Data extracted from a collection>
BEGIN
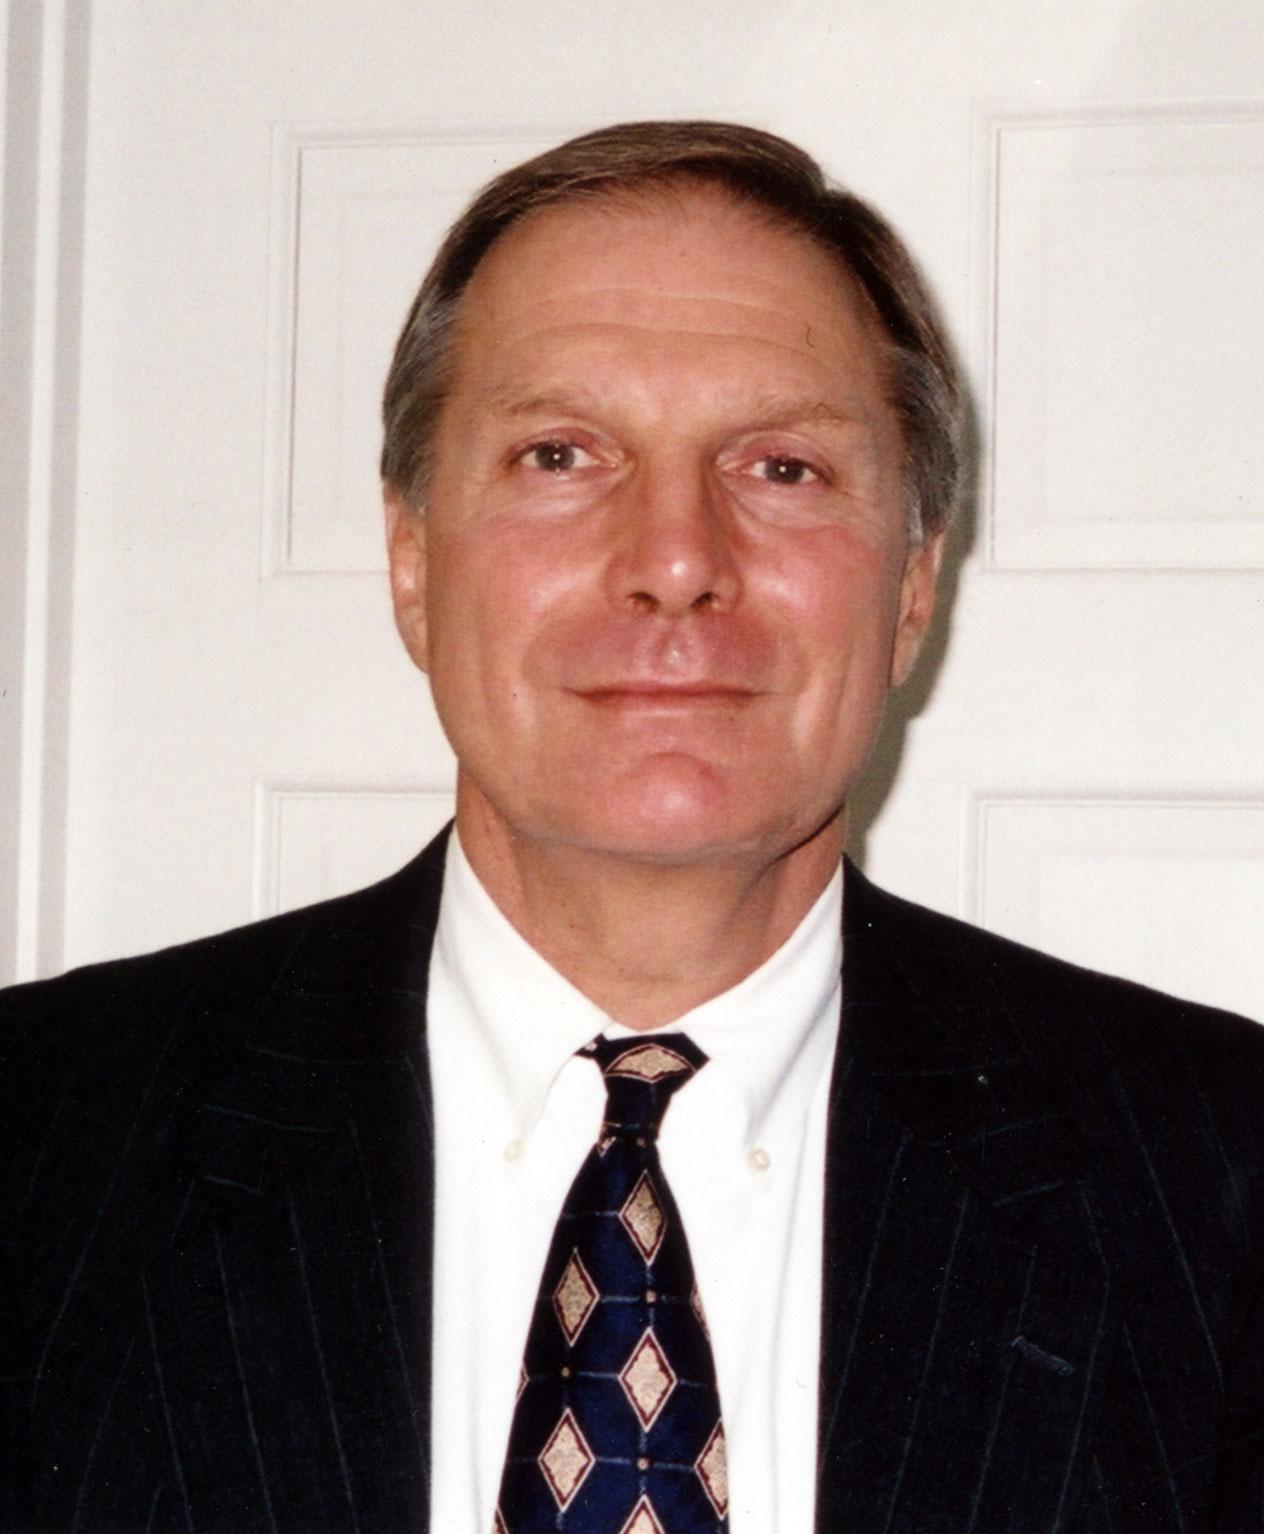 Emeritus - William H. Haverland
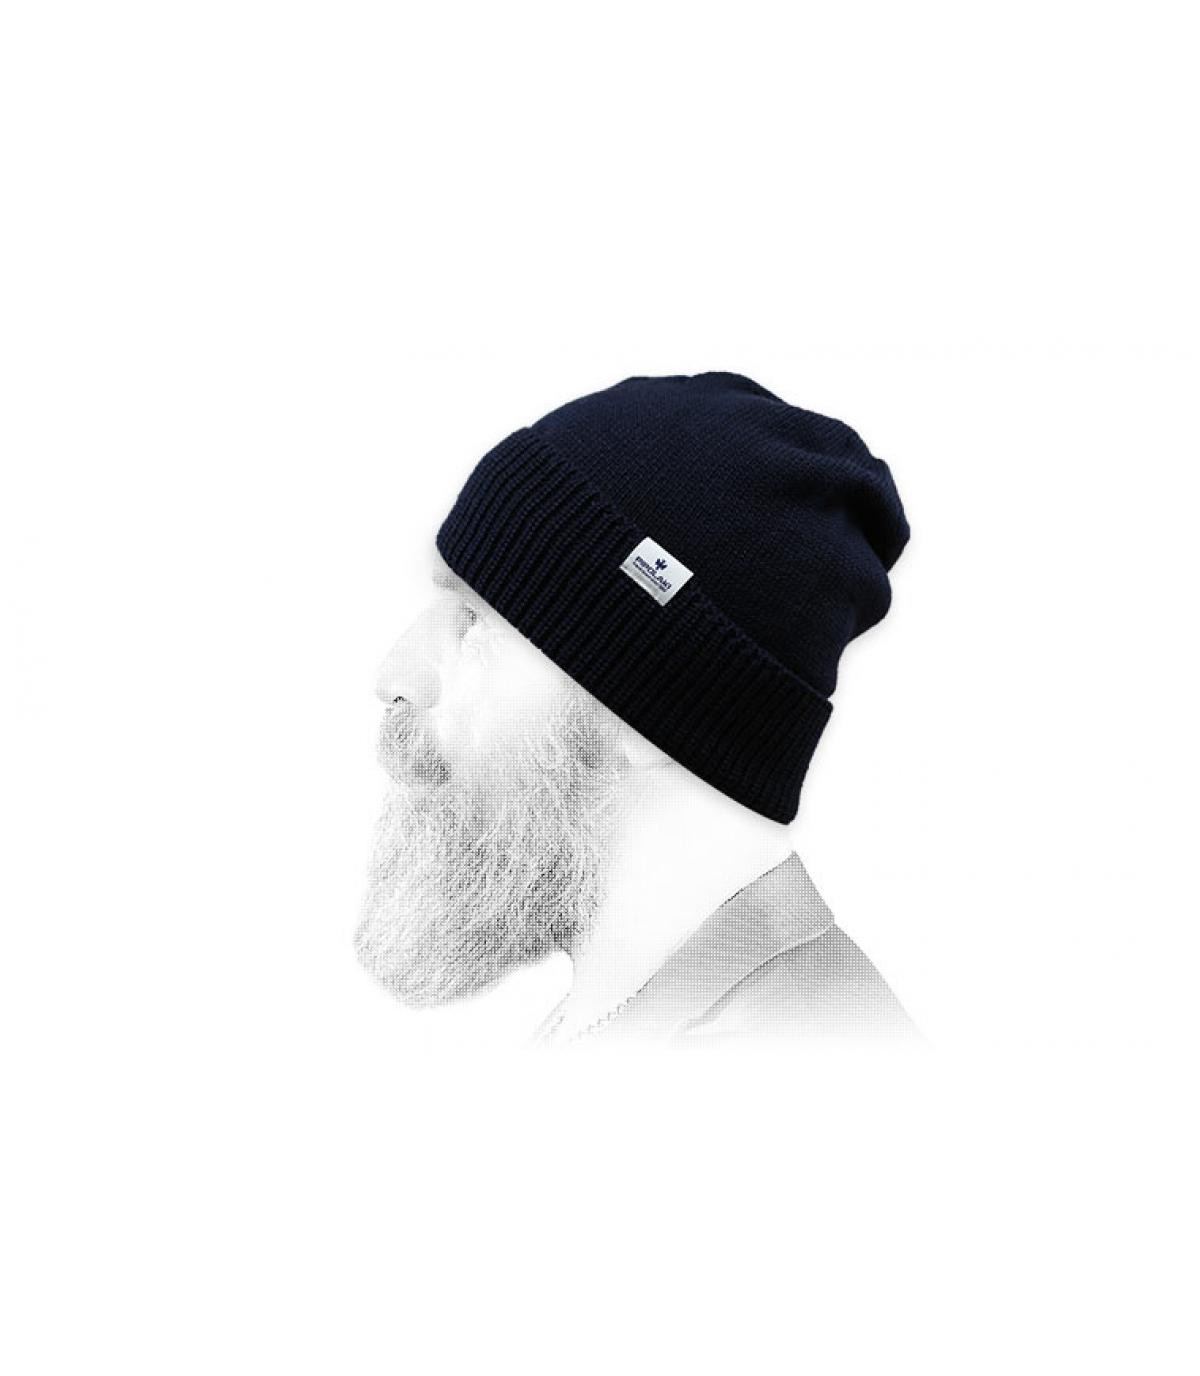 Mütze Rand marineblau
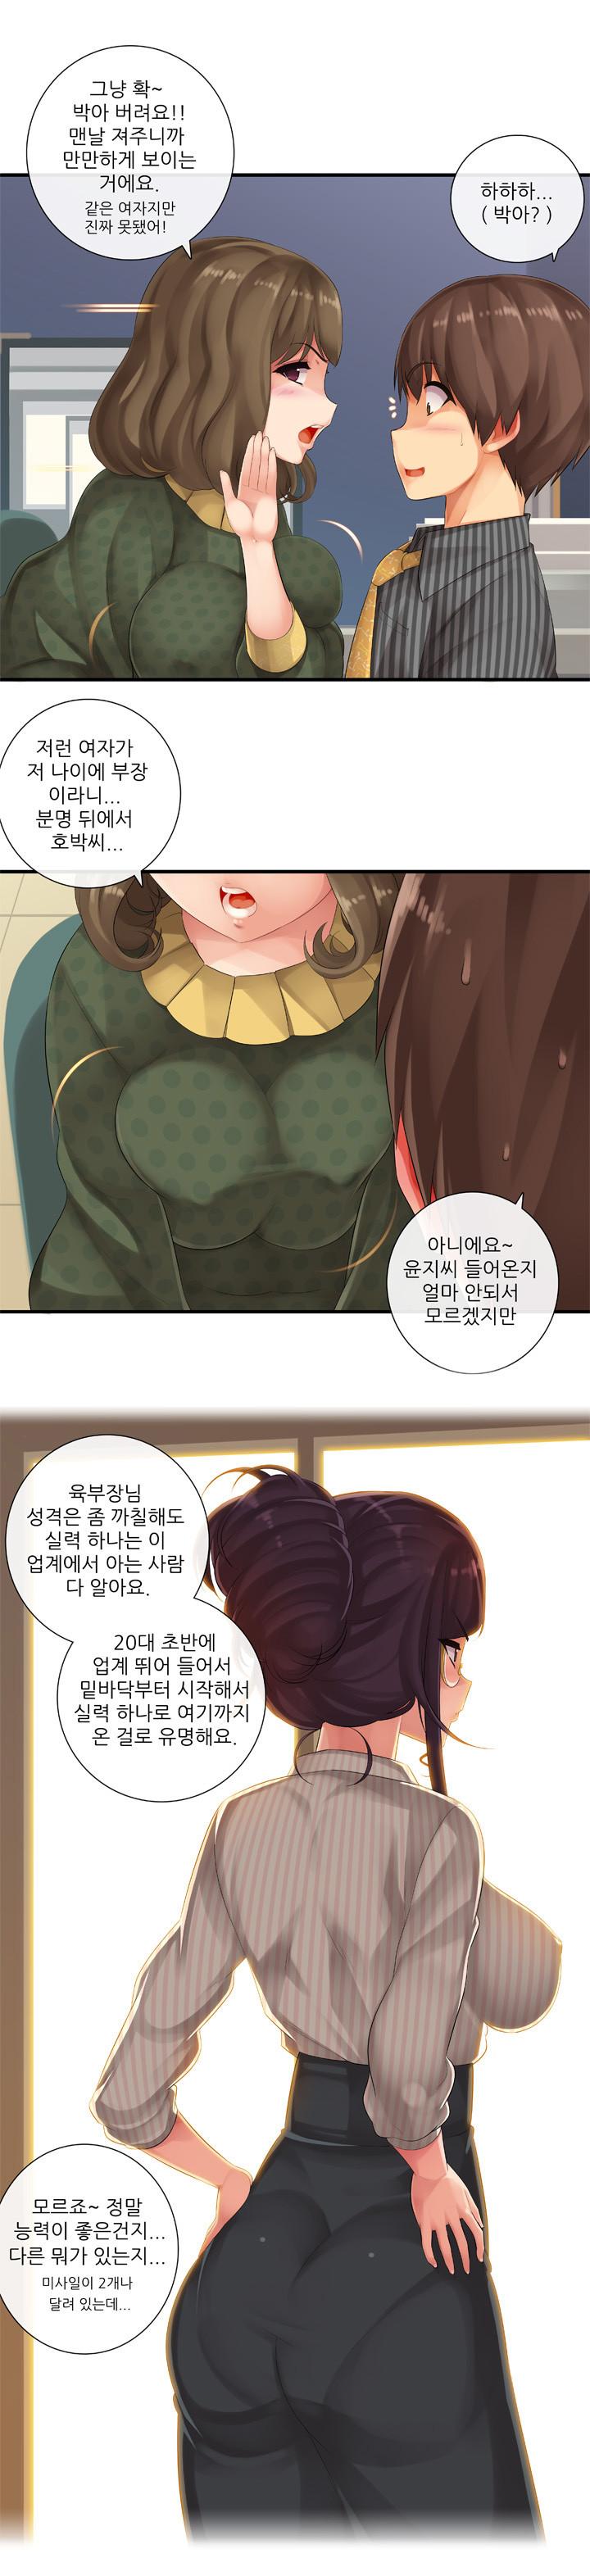 여친은 발정기4.jpg
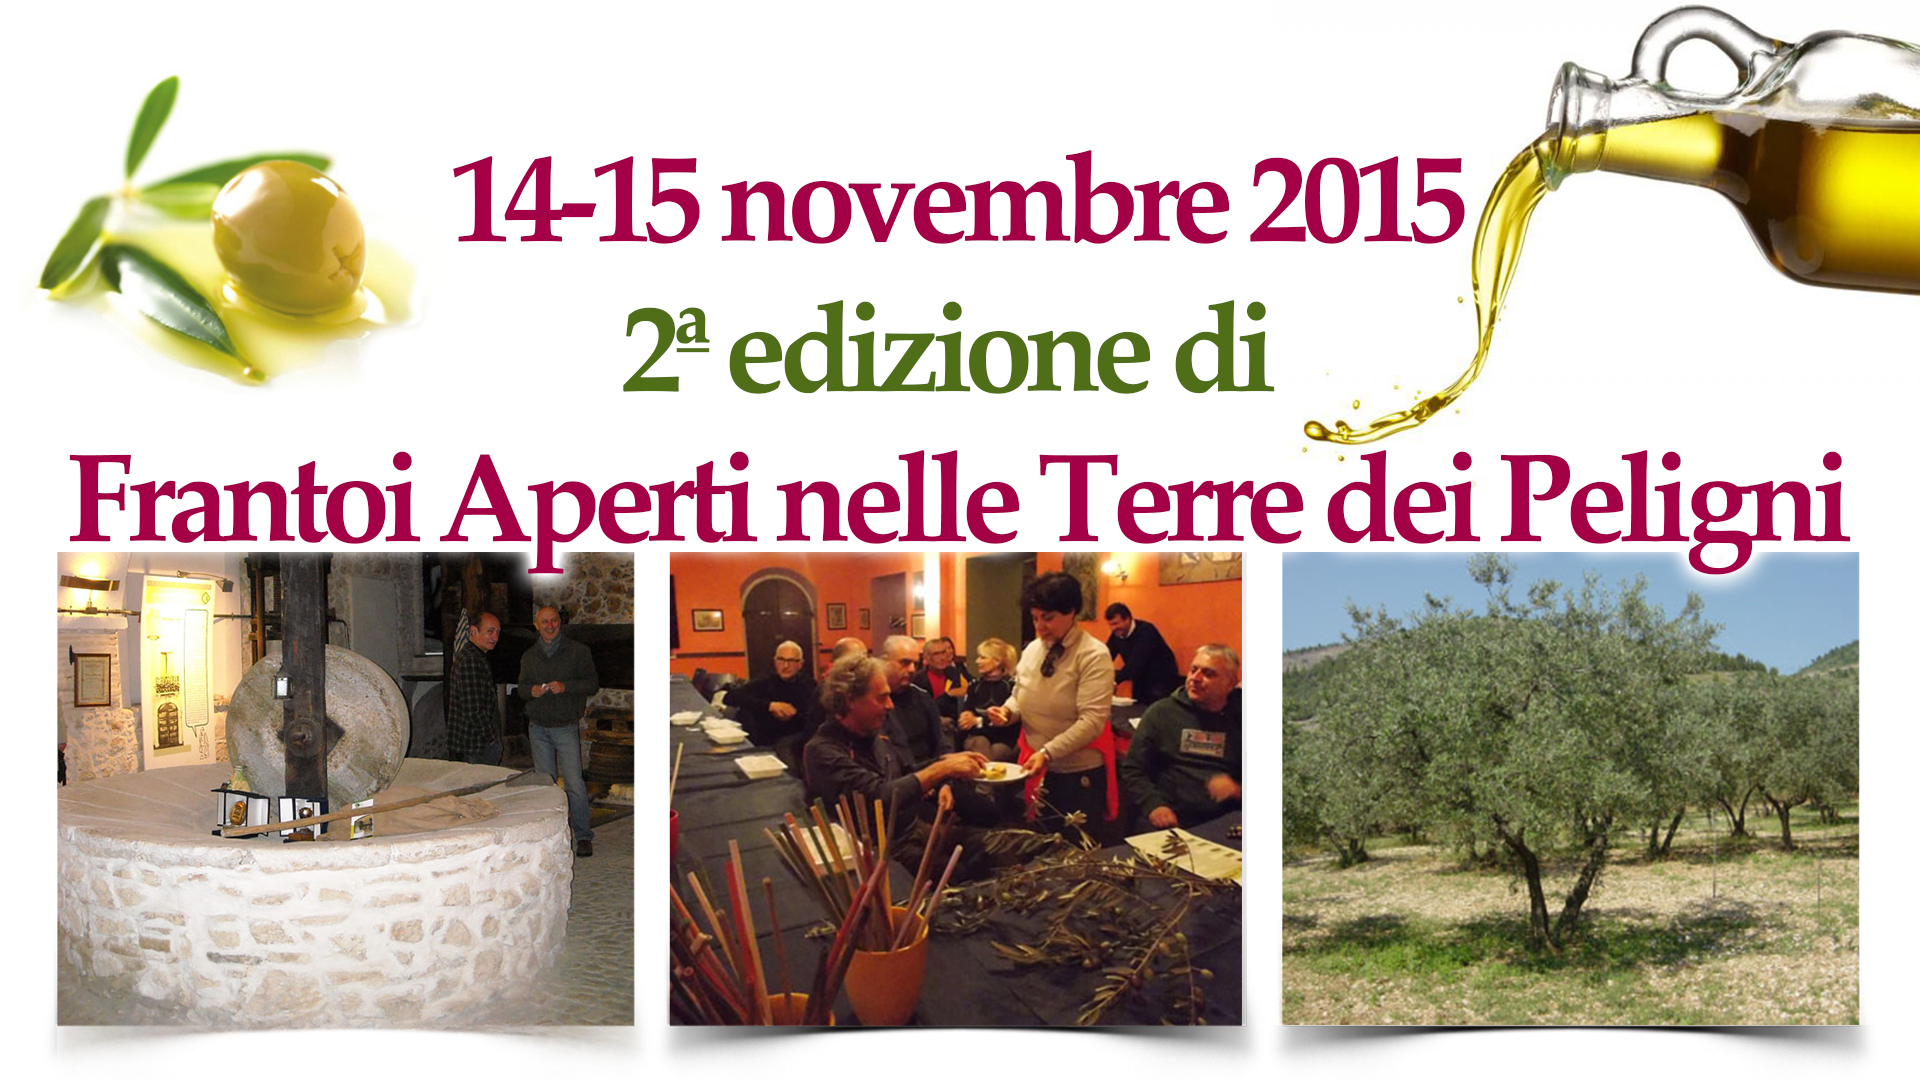 2ª edizione_Frantoi Aperti_nelle Terre dei Peligni_home
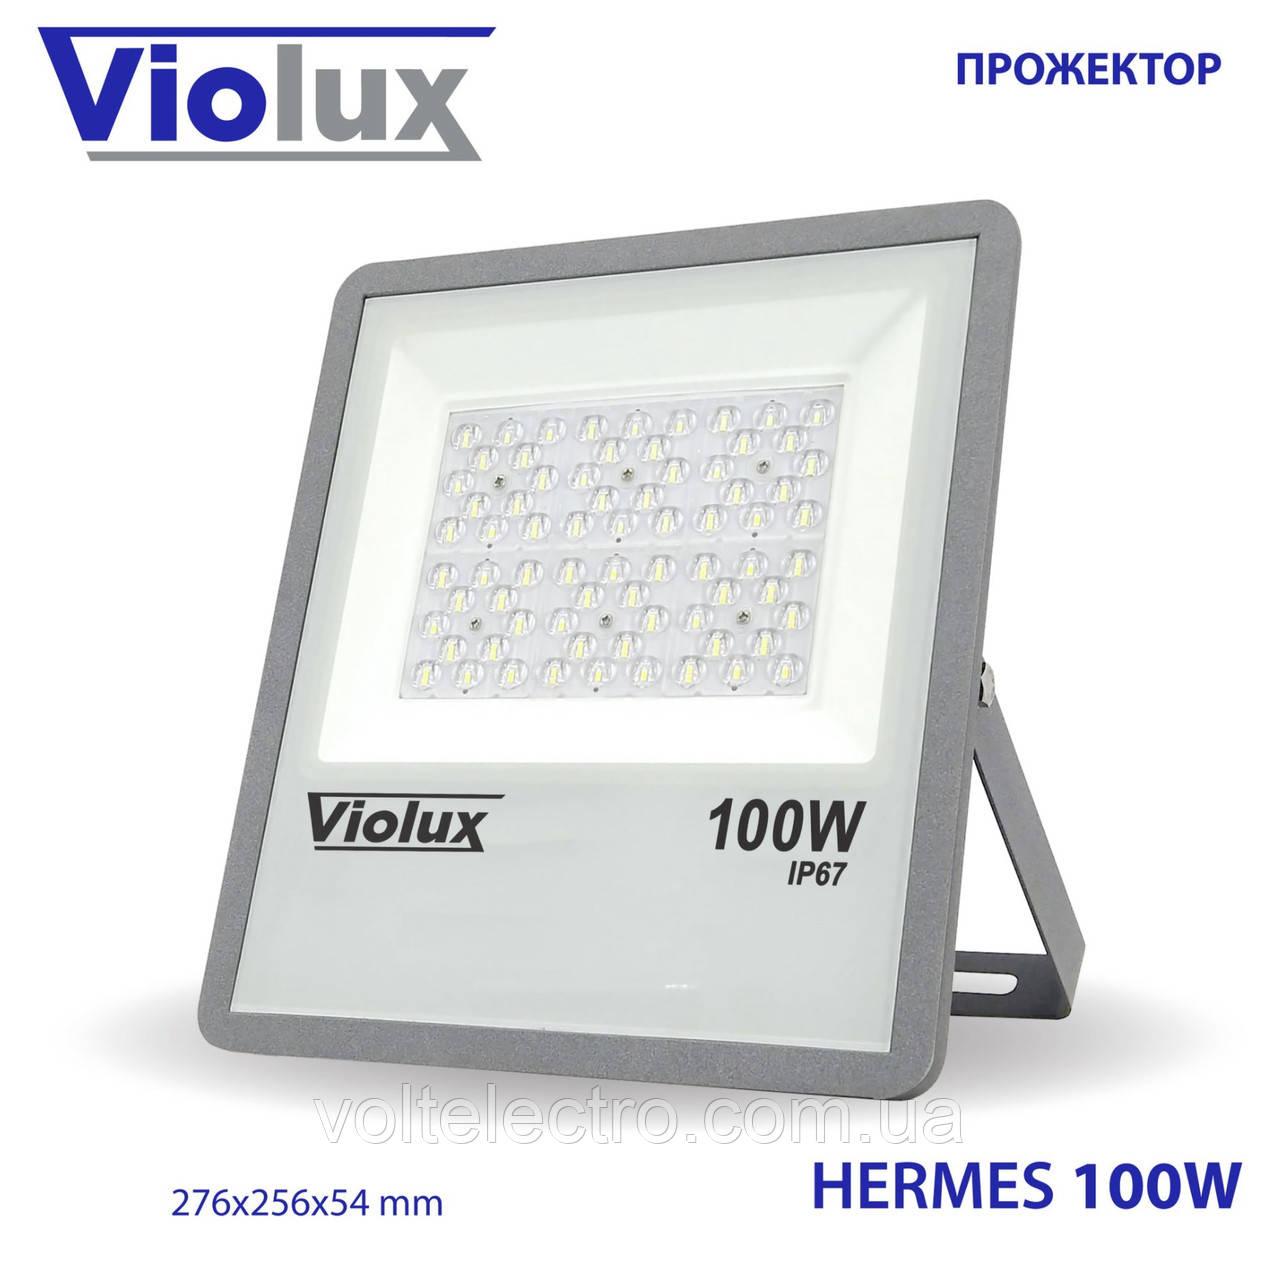 Прожектор LED  HERMES 100W SMD 60K 10 000Lm IP67 Violux
END
Your instructions> Leave the pictures aside and print exactly, and only, the lines from the one with "여친은 발정기4.jpg" through the end of the data, both included.

Task output>
 여친은 발정기4.jpg
 2ª edizione_Frantoi Aperti_nelle Terre dei Peligni_home
 Прожектор LED  HERMES 100W SMD 60K 10 000Lm IP67 Violux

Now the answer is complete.